The Journal of Thoracic and Cardiovascular Surgery, Vol 84, 843-848, Copyright © 1982 by The American Association for Thoracic Surgery and The Western Thoracic Surgical Association
Use of operative transluminal coronary angioplasty as an adjunct to coronary artery bypass
E Wallsh, AJ Franzone, GS Weinstein, K Alcan, A Clavel and SH Stertzer
Operative transluminal coronary angioplasty (OCTA) was used to improve
coronary artery bypass graft (CABG) runoff in patients having complex
segmental and diffuse coronary artery obstructions. OTCA was performed
during CABG through the bypass arteriotomy on 64 arteries in 58 patients.

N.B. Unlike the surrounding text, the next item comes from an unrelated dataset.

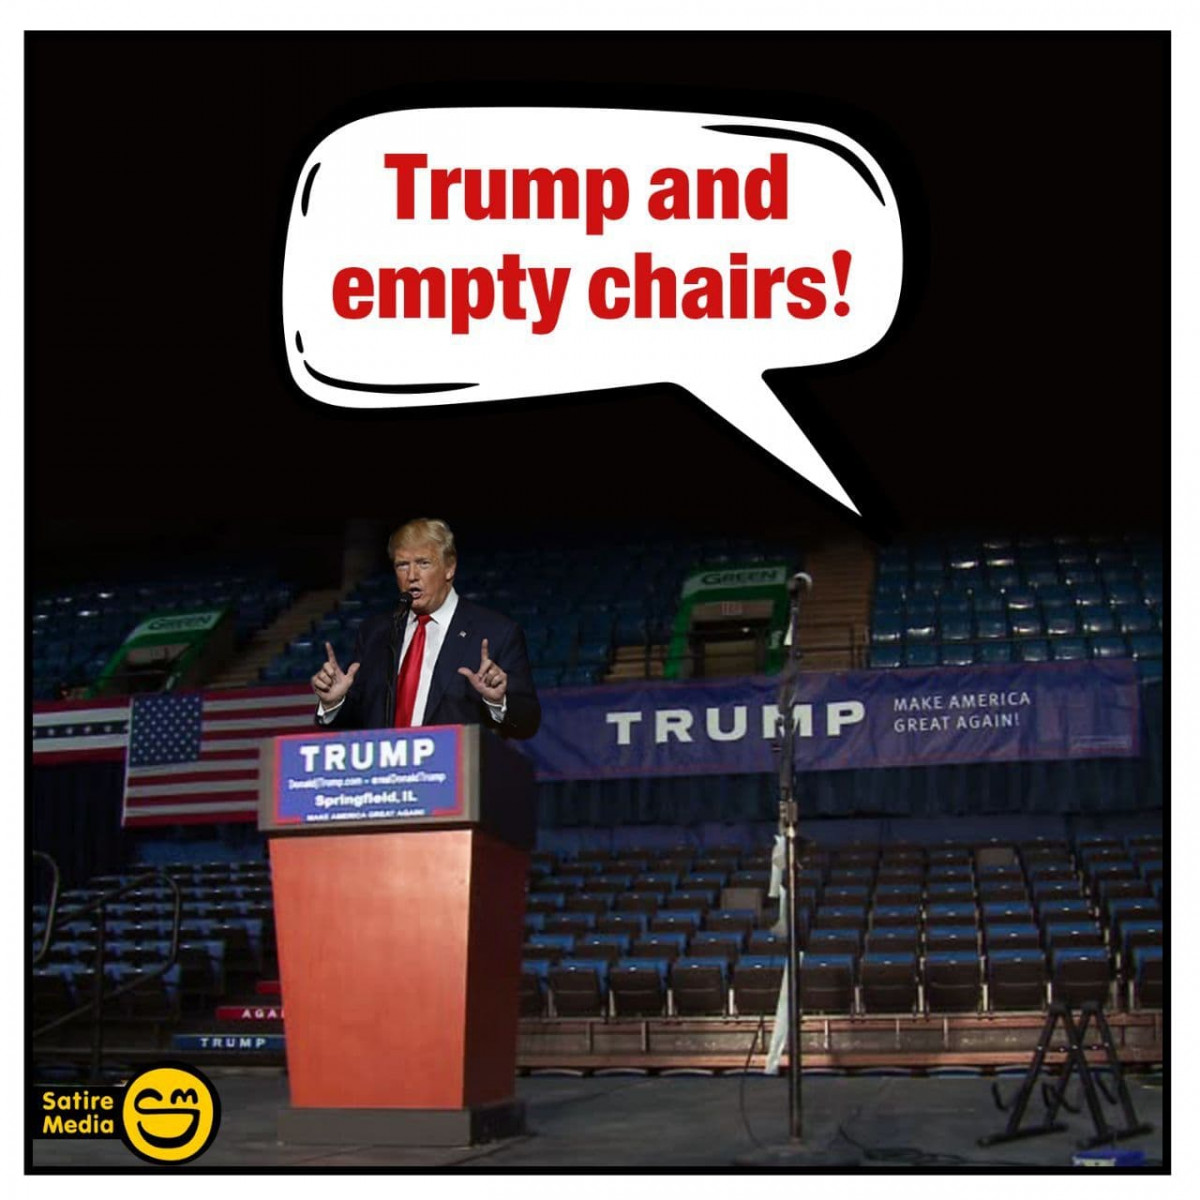 Trump and empty chairs
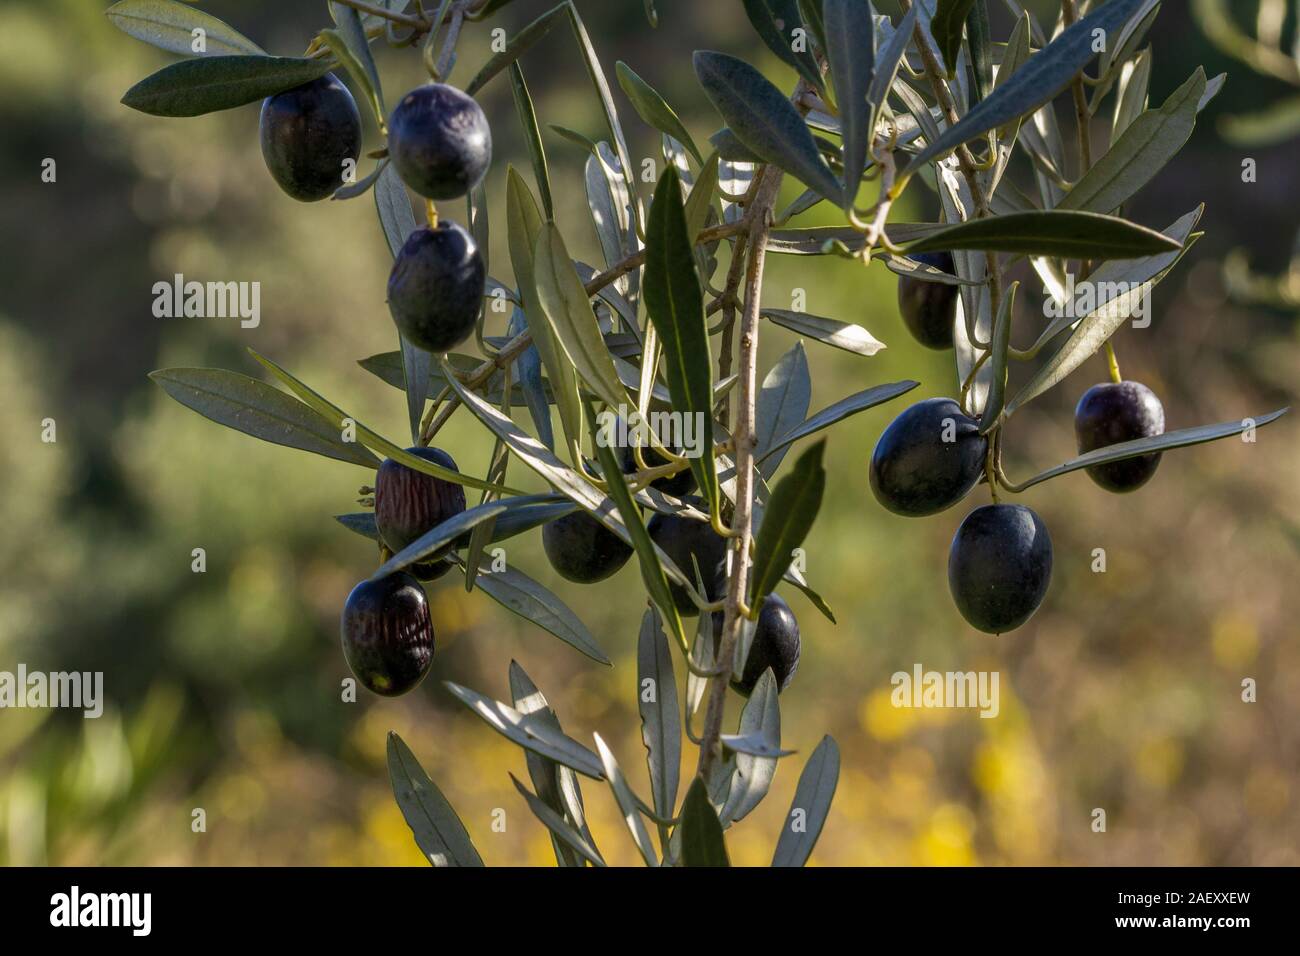 Olea europaea, Black Olives on the Branch Stock Photo

An angioplasty system specifically designed for operative use was employed.
In 13 cases, angioplasty was performed both proximal and distal to the
coronary arteriotomy, for a total of 77 angioplasty sites. Elective restudy
was performed on 36 angioplasty sites in 28 arteries in 24 patients:
Sixteen patients were restudied between 18 and 21 days (mean 16) and eight
between 4 and 32 months (mean 20.5). Patency rate, as assessed at each
angioplasty site, was 86.1% (20/24 studied early and 11/12 studied late).
Three coronary perforations (4.7%) occurred and were repaired without
perioperative infarction or other sequelae. The one operative death (1.7%)
occurred in a patient with preoperative refractory cardiogenic shock. There
were seven perioperative infarctions (12.1%), of which three (4.7%) were in
the distribution of the coronary artery undergoing OTCA. The favorable
short-term and medium-term patency rates indicate that OTCA is a useful
adjunct to CABG that permits more complete revascularization of small or
diffusely diseased coronary arteries.